When housesits or longer-term rentals are not an option, we use Airbnb and but the cost of these is very much location-dependent and prices have increased considerably in recent years. As such, we try to keep these to a minimum to manage our expenses.


Remote Working - Travel

Wherever you’re based, you’re going to need to utilise transport to either get there and/or around once there. Whilst we have travelled extensively since 2016 (34 countries to date), we prefer to slow-pack our way around the world. This serves several purposes: the first being we can take our time to enjoy and explore a place, without feeling like we have to cram everything into a short space of time. The second is that we keep our flying to a minimum (reducing our carbon footprint and our costs – even more important because flights are a lot more expensive since the pandemic).

Probably the most popular place to search for flights is, which finds the best-priced tickets by scanning multiple travel sites. In recent years, international flights no longer include checked-in luggage, so, unless you’re able to pack like a ninja and squeeze everything into your carry-on (and that’s becoming ever more difficult as airlines shrink the allowed size), be prepared to cough up. When flying internationally, the usual advice applies: check what visas you need, how long you can stay and whether you need a return or onward ticket. To get around that last part, there are sites such as Fake Flight Tickets, which does exactly what it says on the tin.

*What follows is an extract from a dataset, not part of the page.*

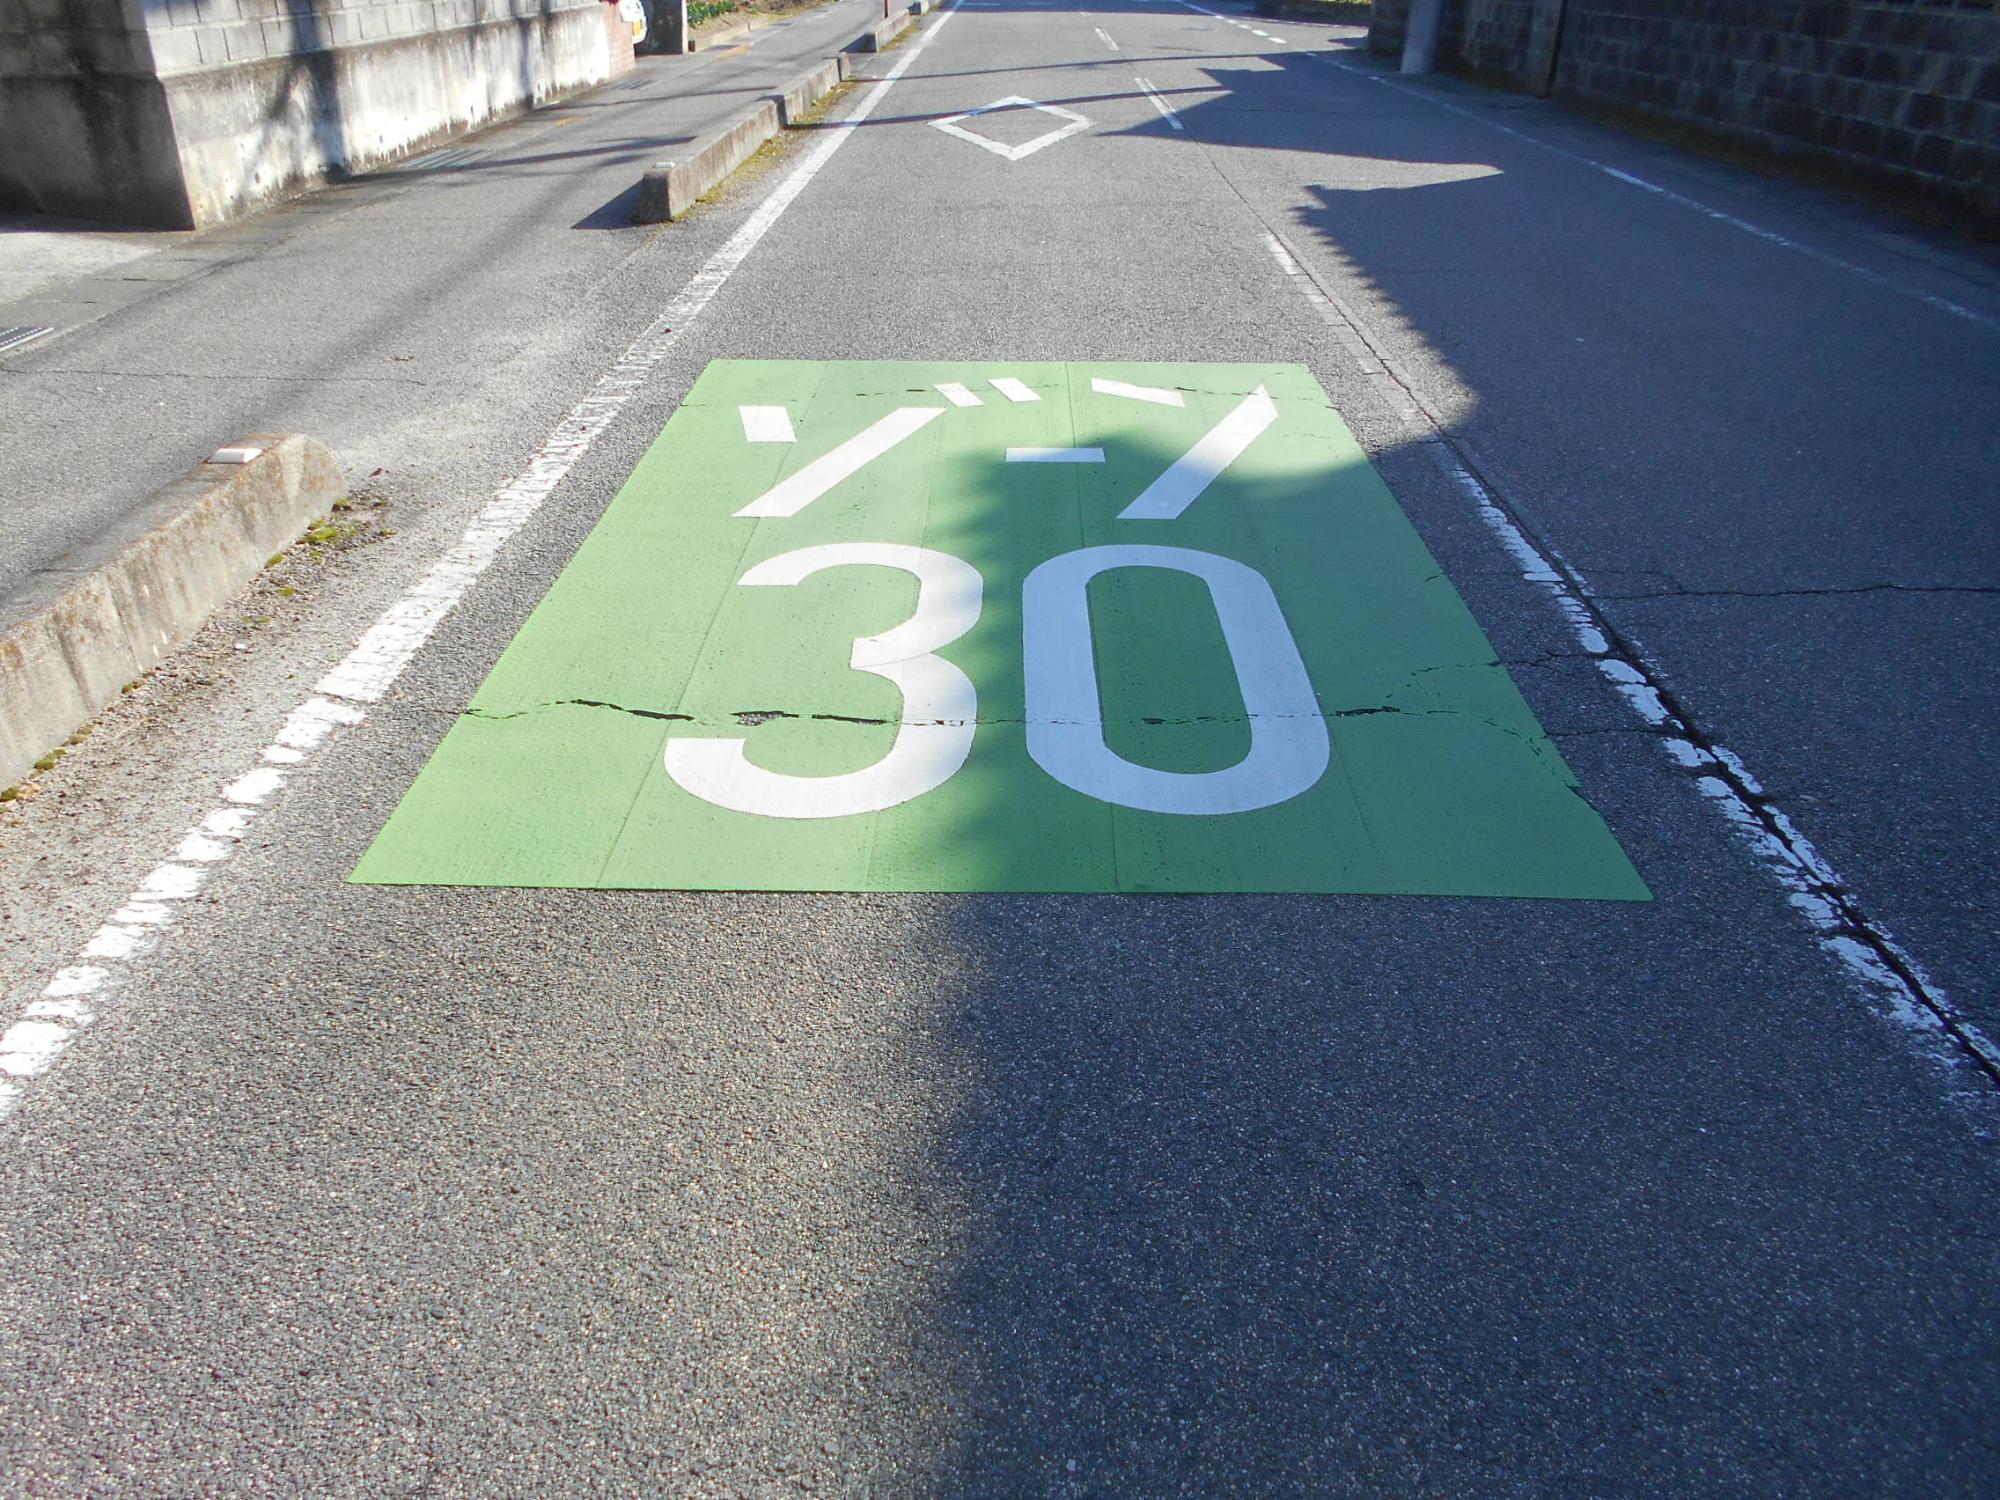 「ゾーン30」を示す路面標示
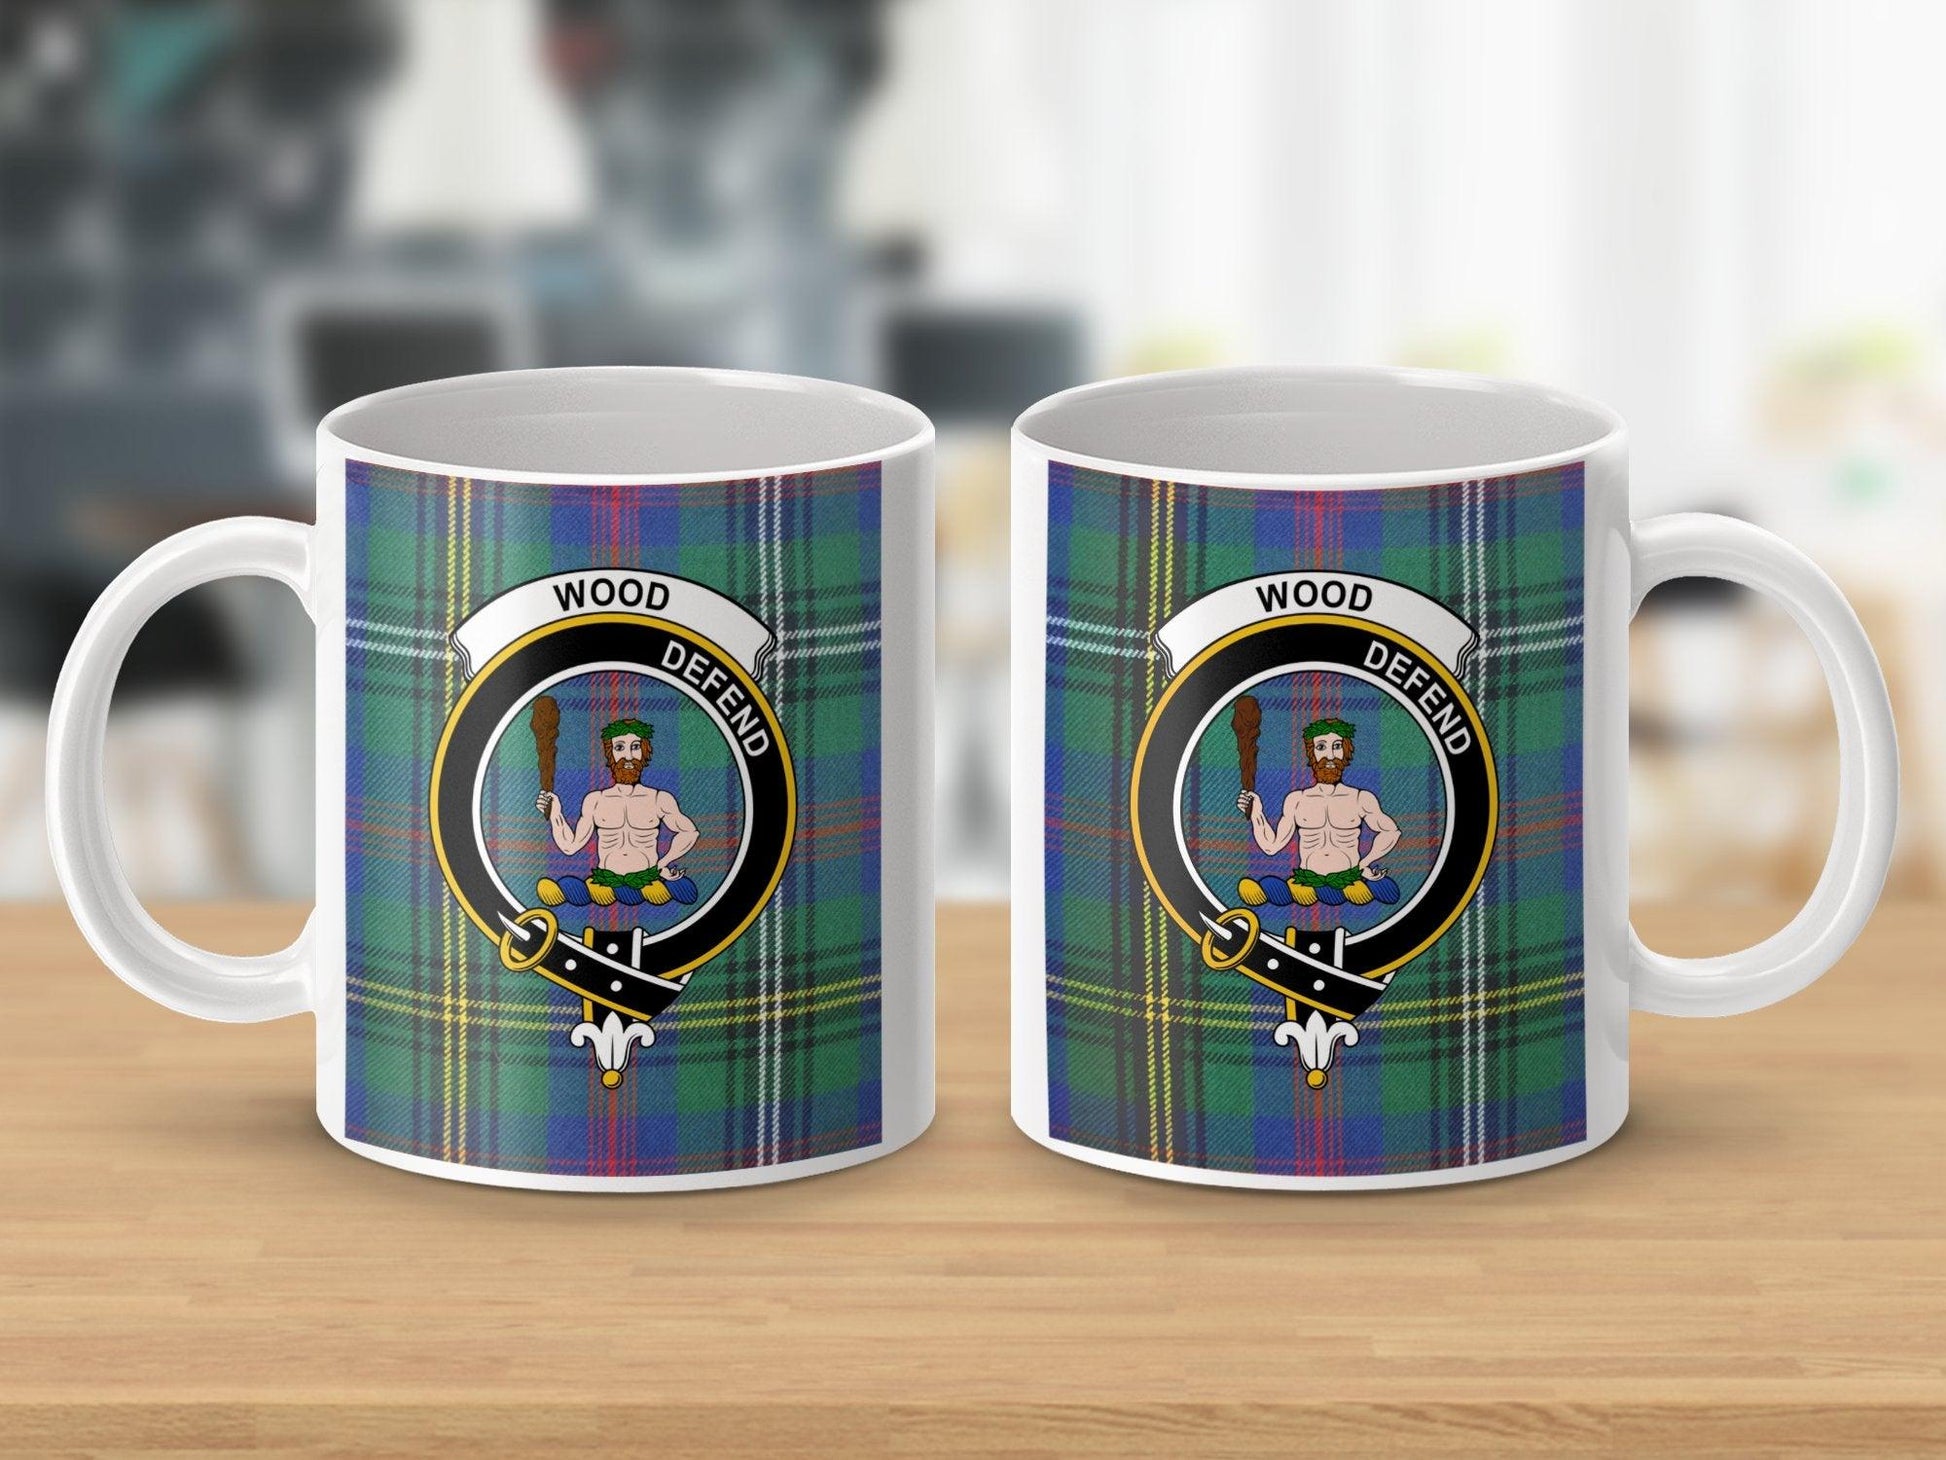 Wood Scottish Clan Crest Gatherings Tartan Mug - Living Stone Gifts

We used BlaBlaCar (a car sharing app, ideal for longer distances) to get from Frankfurt to Berlin, and the rest of the time we took the coach using Flixbus because they were incredibly cheap compared to trains. Other coach options in the UK include National Express and megabus.

When we’re in the UK, we’ll buy a second-hand vehicle because it works out considerably cheaper than renting over the course of longer timeframes; even if you end up scrapping it. Having our own wheels freed us to do a 3-month tour down to Italy on a BMW K1200RS (2017) and a 3-month tour down to France, Spain and Portugal in an Audi TT (2023). And, yes, we were still working!

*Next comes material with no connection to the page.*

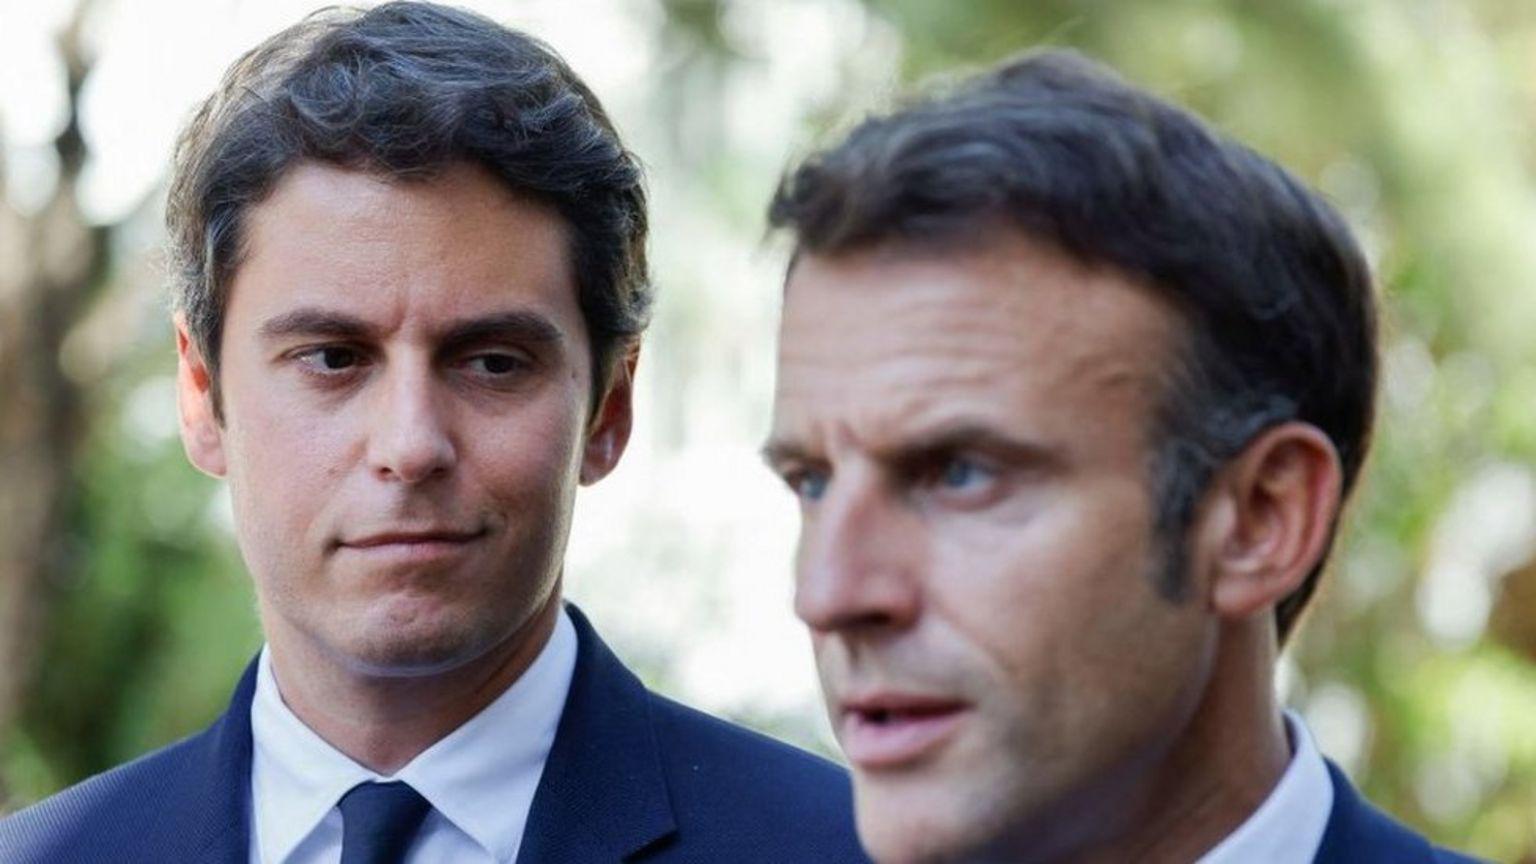 Quién Es Gabriel Attal El Primer Ministro Más Joven De La Historia De Francia Nombrado Por Macron

In Vietnam, we long-term rented a scooter because everyone rides them in Hanoi, plus they’re fun! (My biker mates may be pulling me to one side for a quiet word in my shell-like…)

The main thing I’ve learned after years of travelling is to pack light because you need less than you think (plus, you can buy suitable clothes wherever you are). Lugging heavy bags is no fun and less so when hot. If you can travel light, I recommend this Travel Backpack (45L).


Remote Working - Health

Keeping fit and healthy is a top priority for many of us. No one enjoys being sick, and even for those of us who do our best to exercise regularly and eat healthily can be struck down by disease or food poisoning. When in your own country, you’ll probably have access to a doctor (though, in recent years, that has become increasingly difficult in England). However, whilst you can still access a doctor overseas (and in most countries, more easily than in Blighty), you might want to consider your Health Insurance options.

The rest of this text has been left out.